The Normalized Mutual Information Score (NMIS) is an external clustering evaluation metric that scales the Mutual Information Score (MIS) to a range of [0, 1]. This normalization addresses the limitation of MIS, where the maximum value depends on the entropy of the partition, making it difficult to interpret or compare across different datasets.

Intuitively, NMIS answers: “How much information is shared between the ground truth and the prediction, relative to the total entropy of both?” A value of 1.0 indicates perfect agreement between partitions, while 0.0 indicates complete independence.

\[\text{NMIS}(Y, P) = \frac{\text{MIS}(Y, P)}{\text{mean}(\text{H}(Y), \text{H}(P))}\]

Where:

  • \(\text{MIS}(Y, P)\) is the Mutual Information Score.

  • \(\text{H}(Y)\) and \(\text{H}(P)\) are the entropy of the true labels and predicted labels, respectively.

  • The denominator is the arithmetic mean of the two entropies, which normalizes the score.


Handling Edge Cases (Finite Values)

The calculation of NMIS becomes undefined if either the ground truth or the predicted labels consist of only a single cluster (i.e., entropy is zero), as this would lead to division by zero.
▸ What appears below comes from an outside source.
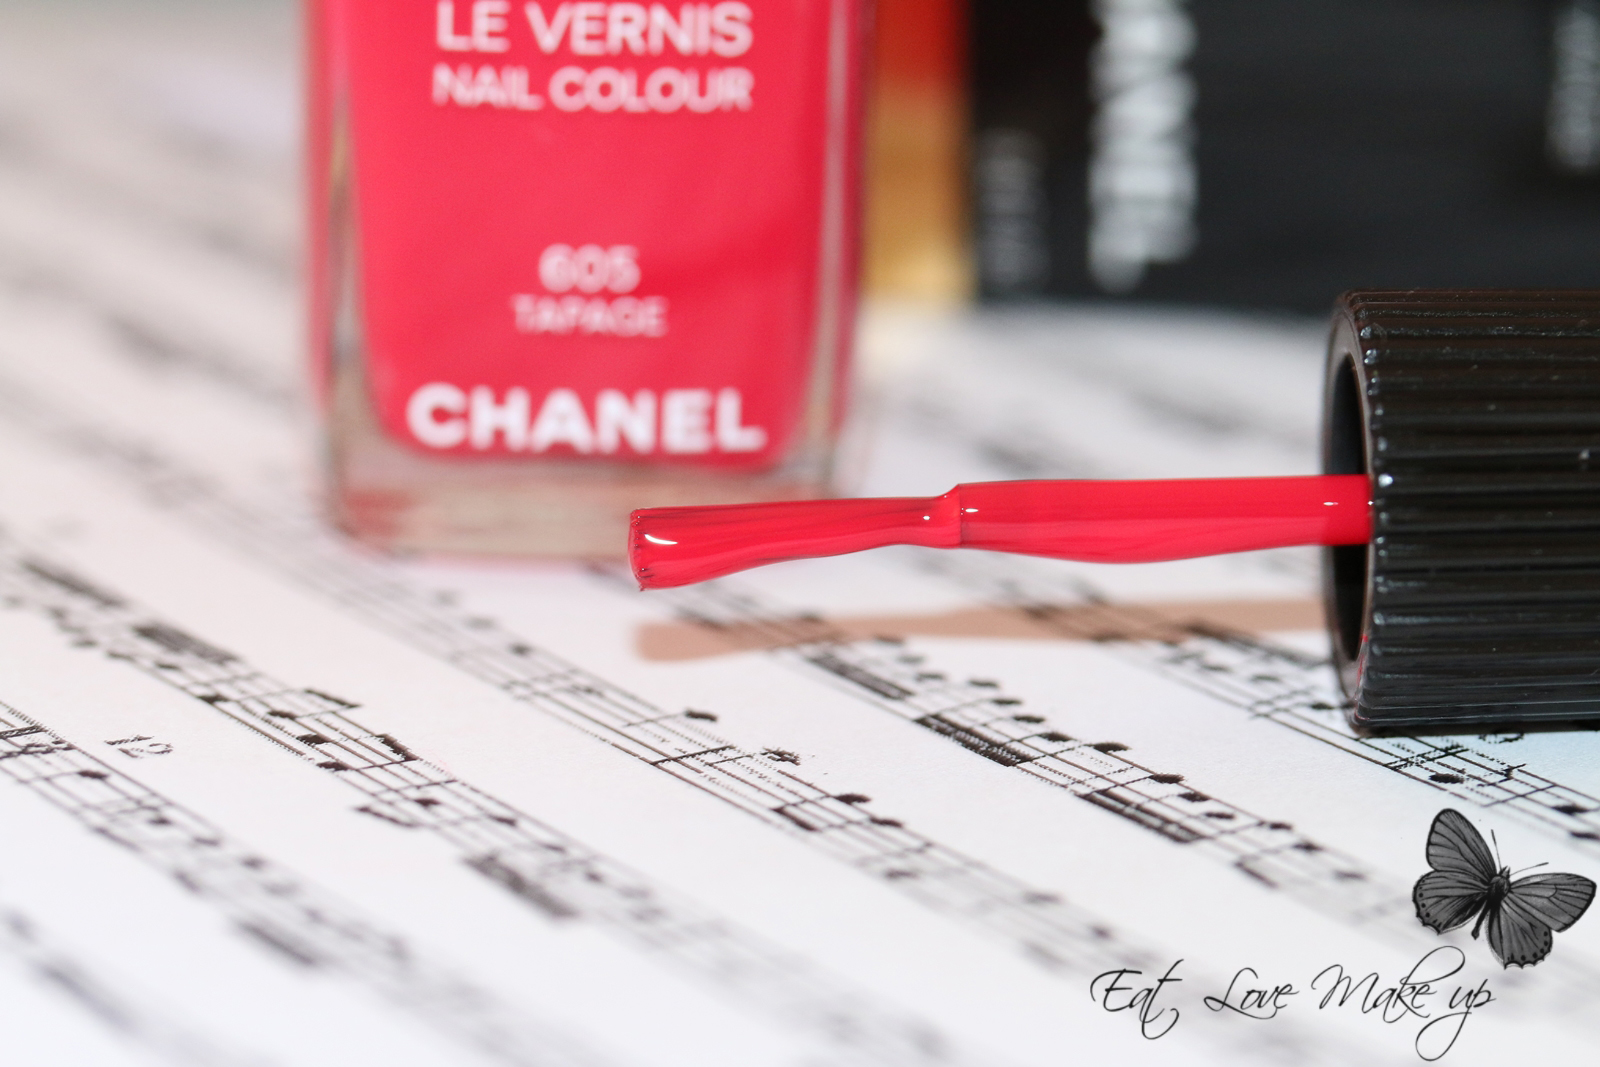 Chanel Le Vernis Nail Colour 605 Tapage

  • force_finite (bool): If True, the function catches the undefined operation and returns a safe, finite number instead of raising a ValueError. Default is True.
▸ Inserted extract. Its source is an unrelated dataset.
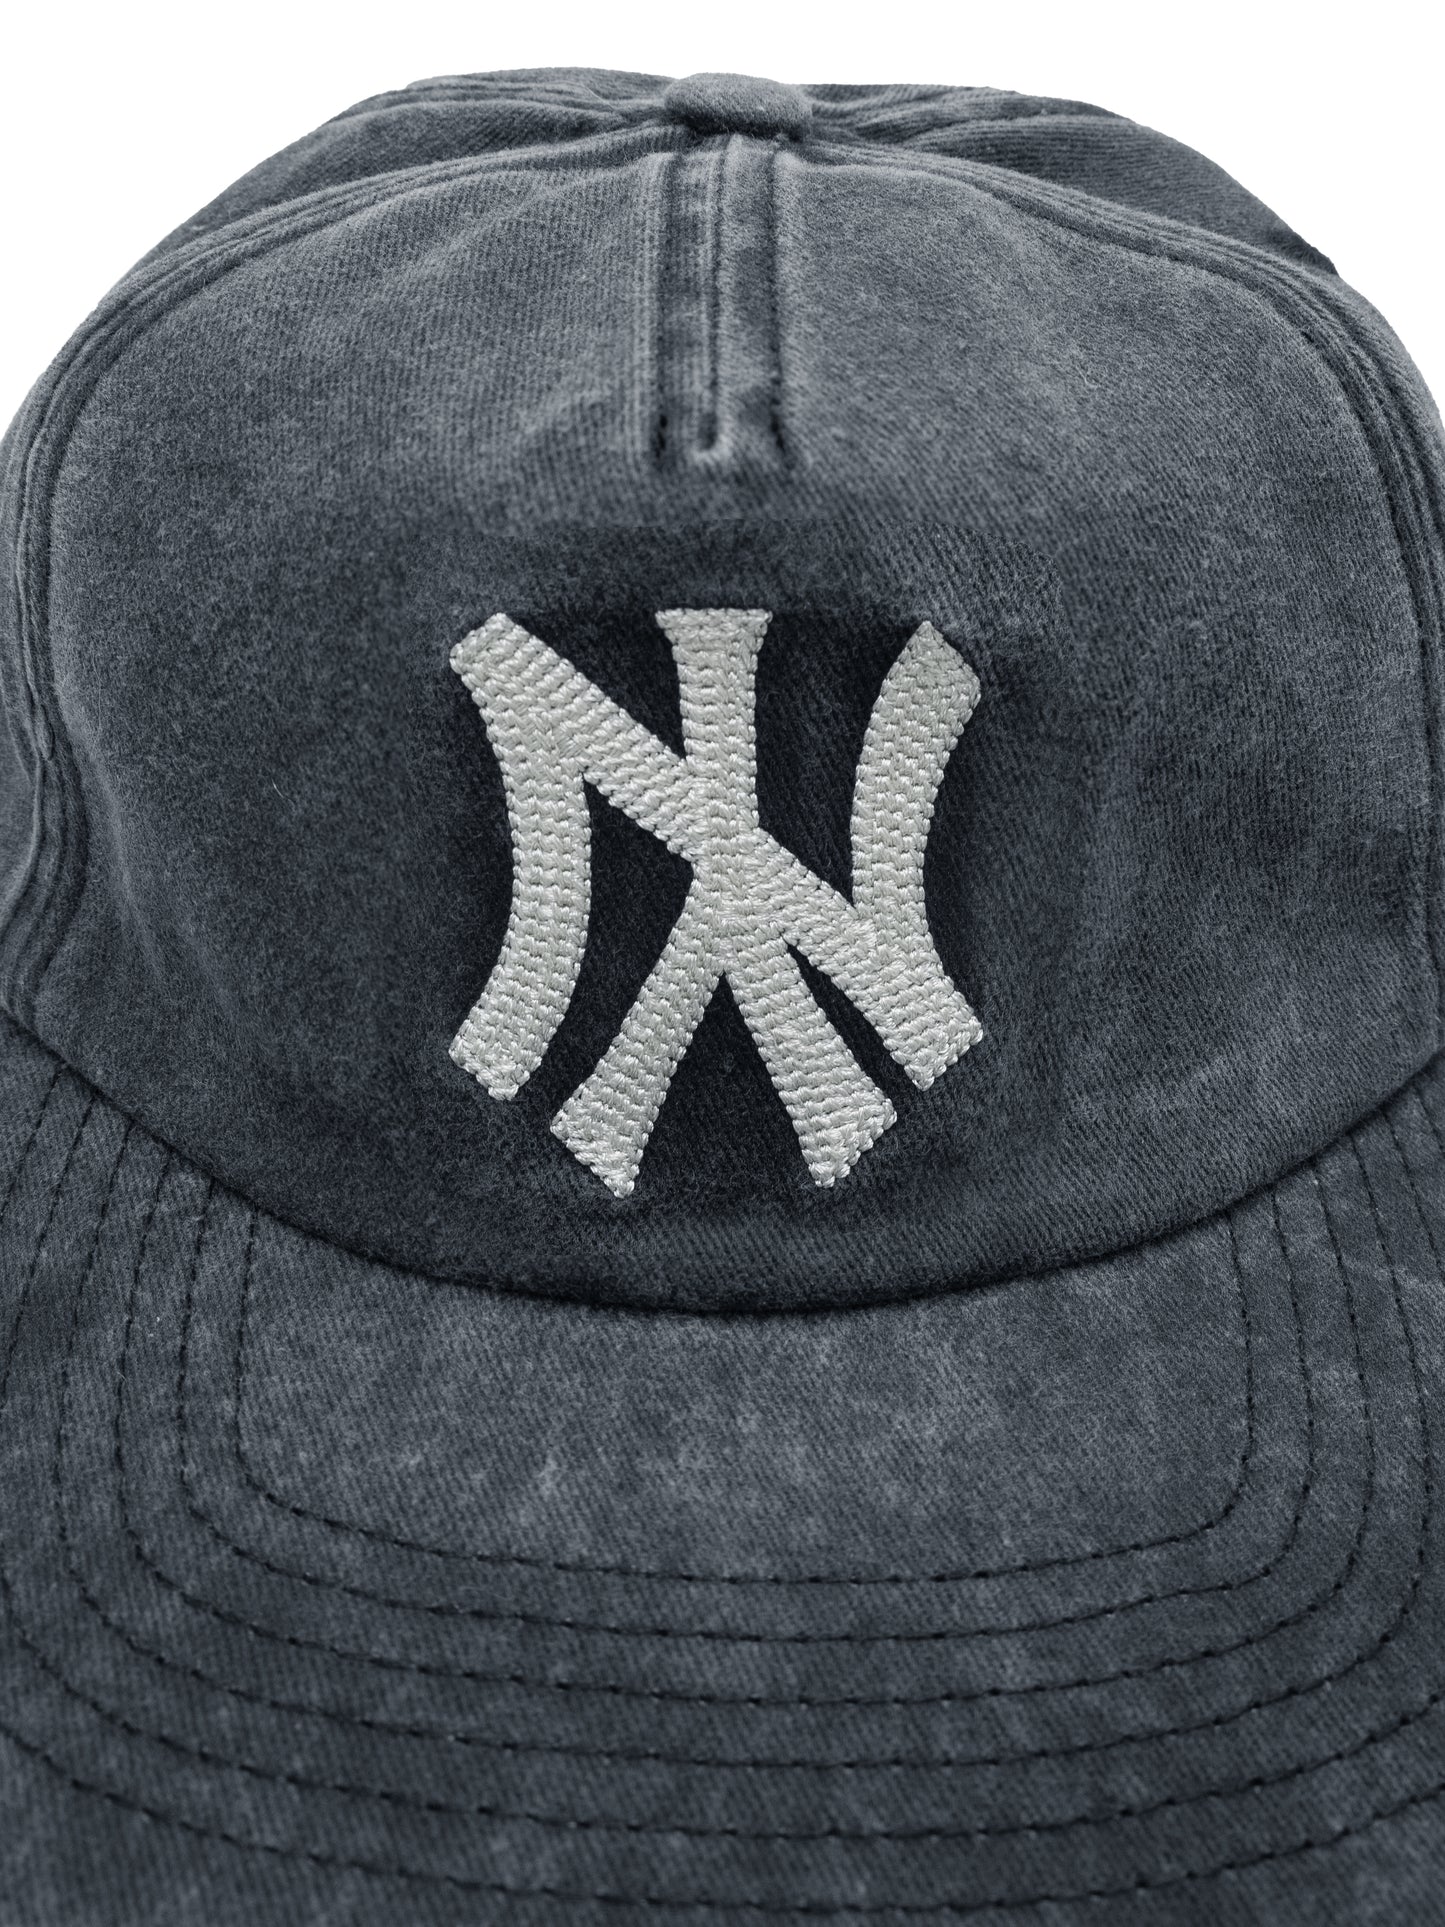 Classic Charcoal Upside Down NYC Hat

  • finite_value (float): The specific fallback value returned when force_finite=True and the clustering has only 1 cluster. Default is 0.0.


Properties


Example Usage

from permetrics.clustering import ClusteringMetric
import numpy as np

# ==============================================================================
# SCENARIO 1: Basic Evaluation
# ==============================================================================
print("--- 1. BASIC NORMALIZED MUTUAL INFORMATION SCORE EXAMPLE ---")

y_true = [0, 0, 1, 1, 2, 2]
y_pred = [0, 0, 1, 1, 2, 2]

# Initialize the metric object
cm = ClusteringMetric(y_true=y_true, y_pred=y_pred)
# Calculate the Normalized Mutual Information Score
nmis_score = cm.NMIS()
print(f"Normalized Mutual Information Score: {nmis_score}")

# ==============================================================================
# SCENARIO 2: Edge Case with 1 Cluster
# ==============================================================================
print("\n--- 2. EDGE CASE (1 CLUSTER) EXAMPLE ---")

# One partition has only 1 cluster, causing undefined entropy
cm_single = ClusteringMetric(y_true=[0, 0, 0], y_pred=[0, 0, 0])

# Returns the finite_value (0.0) instead of crashing
nmis_safe = cm_single.NMIS(force_finite=True, finite_value=0.0)
print(f"NMIS with 1 cluster (Safe Mode): {nmis_safe}")